The 954 new charges were filed Jan. 16 against Jeffrey Heasley, a beef production supervisor at the Agriprocessors Inc. plant in Postville. They include alleged child labor violations of employing minors in a meatpacking establishment and for exposing minors to dangerous or poisonous chemicals.
The company also operated a plant near Gordon, Neb., that wasn't involved in the accusations.
Last September, the Iowa attorney general's office filed more than 9,000 charges against the plant, its owners and managers. Prosecutors accuse them of hiring minors and in some cases of having children younger than 16 handle dangerous equipment.
According to an online court docket, the state filed a motion last week to join the case against Heasley with the other defendants facing child labor charges. Heasley's trial is scheduled for April 20, the same day as the other defendants. He is scheduled to appear in court for a hearing Wednesday.
An attorney for Heasley was not listed in court documents, the Allamakee County Clerk's Office said. A woman who answered the telephone at the Agriprocessors plant said Heasley continues to work there. A message left for him on Monday afternoon at the plant wasn't immediately returned.
The other defendants face 9,311 individual counts -- one for each day a particular violation is alleged for each worker. Those defendants include the company itself; plant owner Abraham Aaron Rubashkin; former plant manager Sholom Rubashkin; human resources manager Elizabeth Billmeyer; and human resource employees Laura Althouse and Karina Freund.
As the case against the company and its owners and managers moves forward, prosecutors allege five types of violations of Iowa's child labor laws.
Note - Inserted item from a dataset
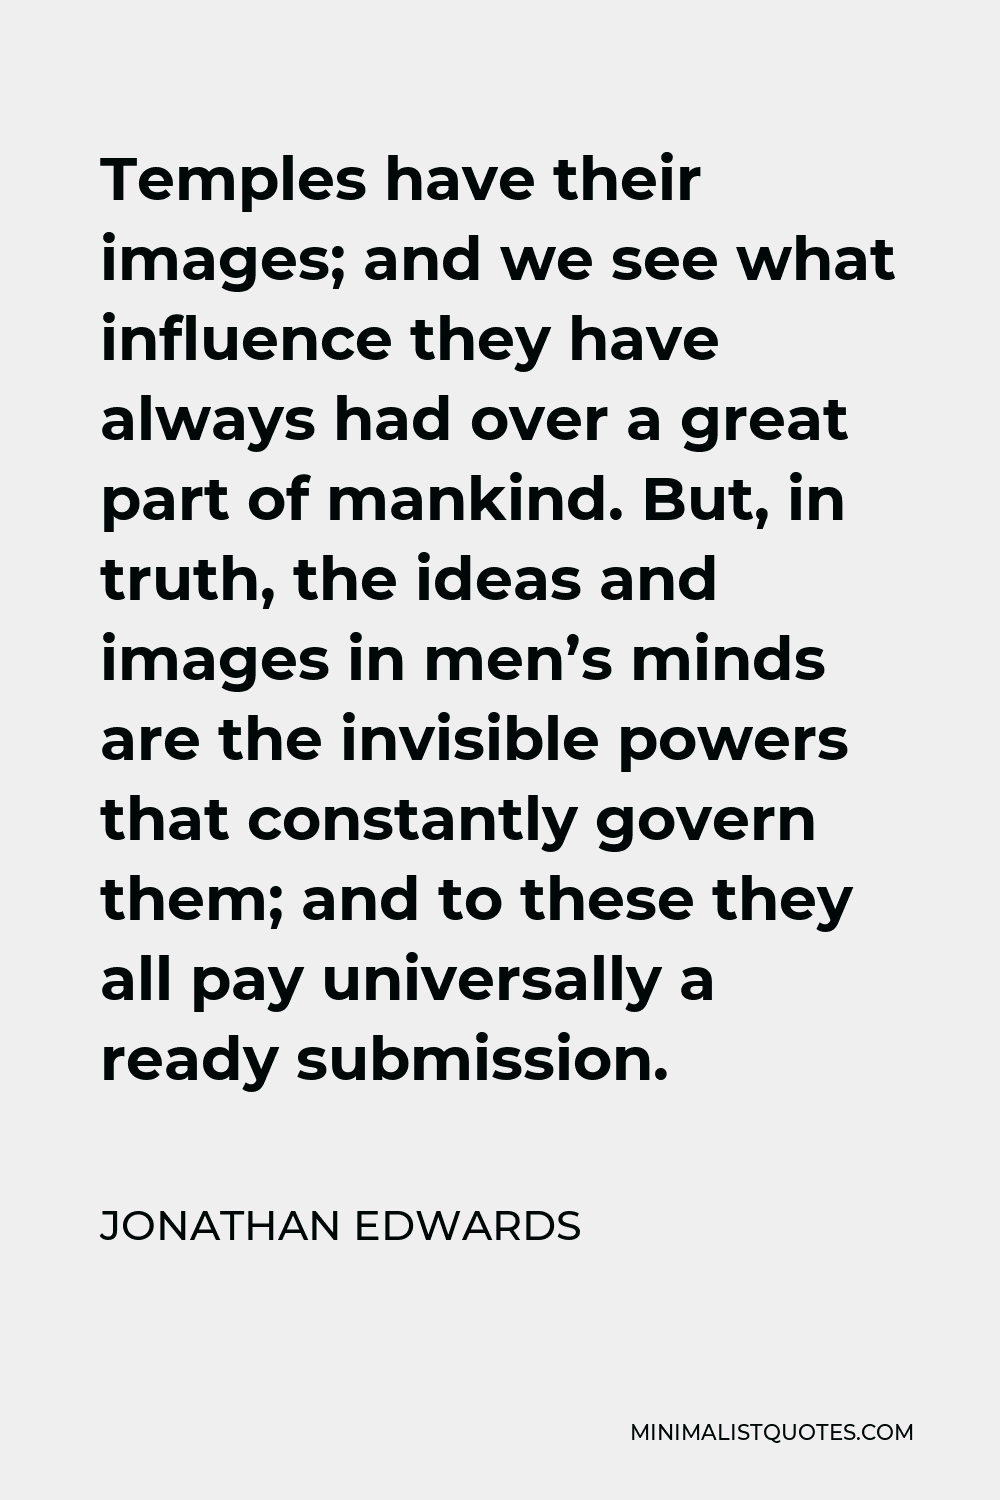 Jonathan Edwards Quote - Temples have their images; and we see what influence they have always had over a great part of mankind. But, in truth, the ideas and images in men’s minds are the invisible powers that constantly govern them; and to these they all pay universally a ready submission.
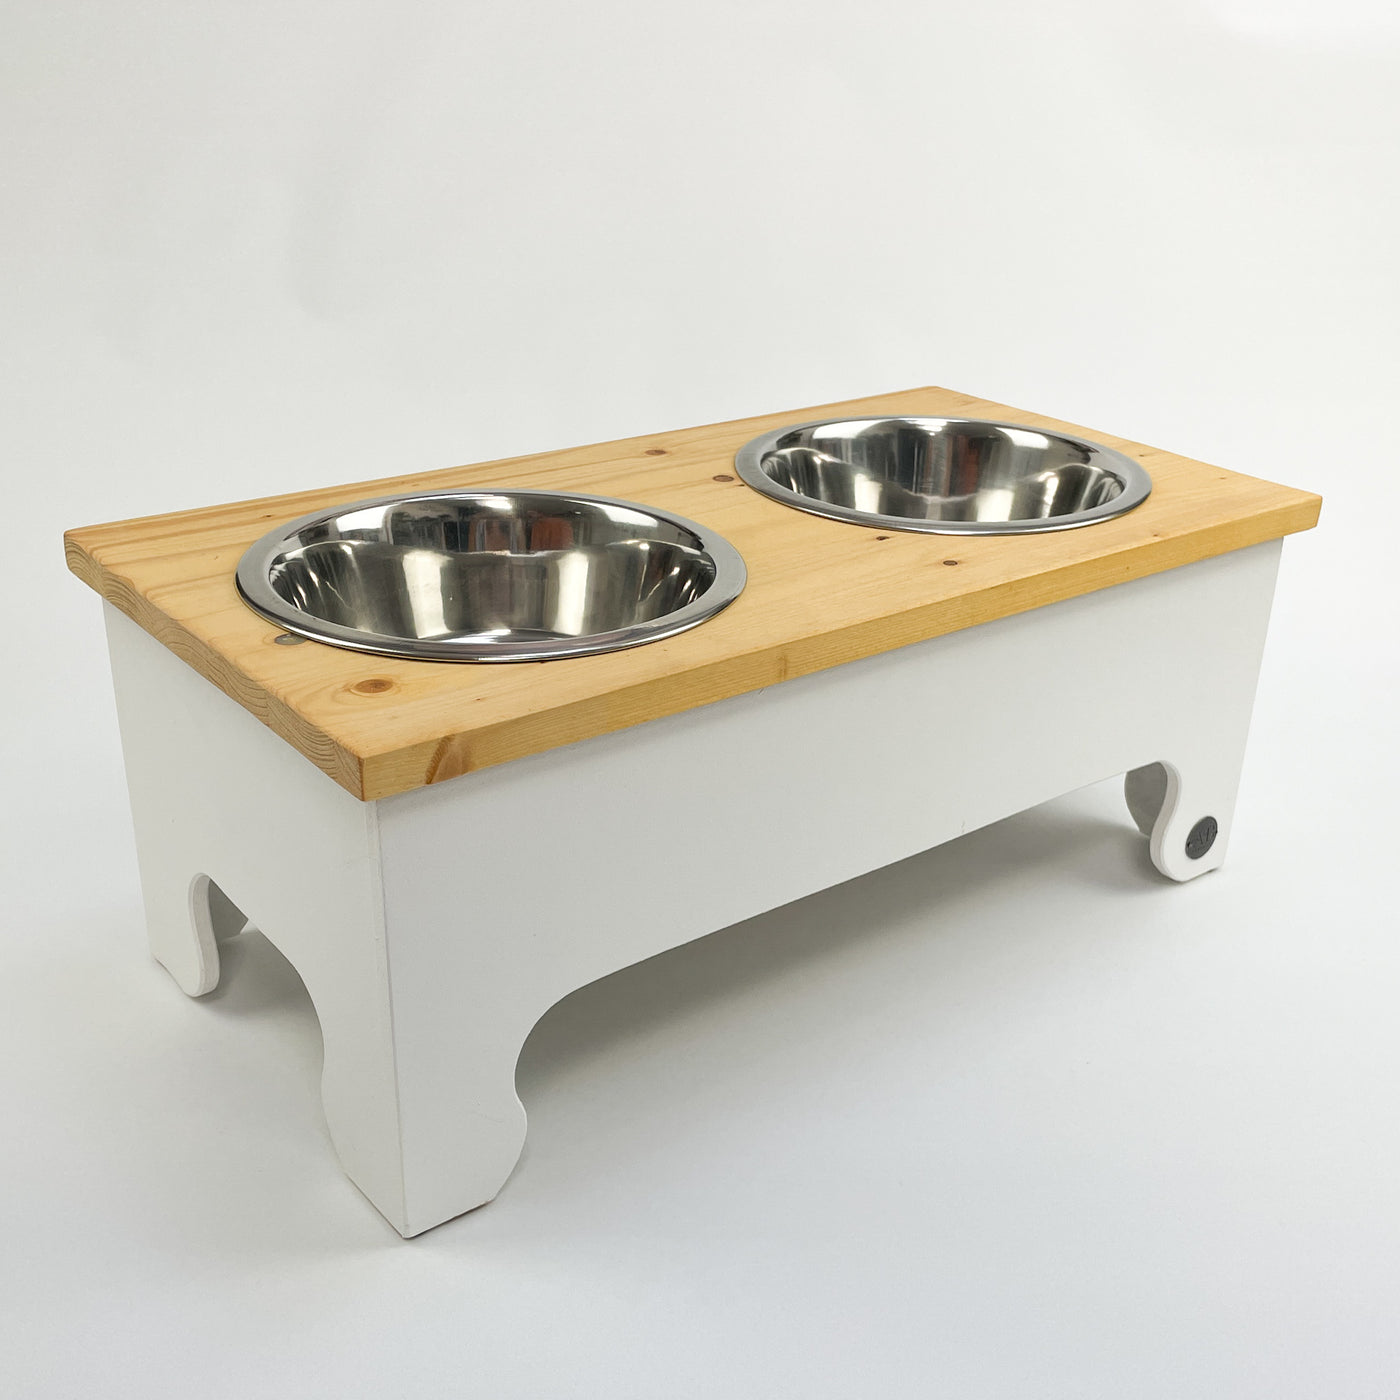 Raised dog bowl feeding stand, white with a natural pine top.

Two charges -- employing a child under age 18 in a meatpacking plant and employing a child under age 18 in an occupation that exposes the child to dangerous or poisonous chemicals -- are charges that Heasley also faces.
The other defendants also face charges including employing a child under age 16 who operated power machinery; employing a child under age 16 who worked during prohibited hours or more hours in a day than permitted by law; and employing a child under 16 who worked more days in a week than permitted by law.
An affidavit in that case said that children were exposed to dry ice and chlorine solutions and that children were operating conveyor belts, meat grinders, circular saws, power washers and power shears.
The affidavit includes more than 1,500 work hour violations, including children under age 16 who worked more than eight hours a day and more than 40 hours a week. Children under 16 also worked 12 hour days, and during the school year worked more than four hours a day and more than 28 hours a week, the affidavit said.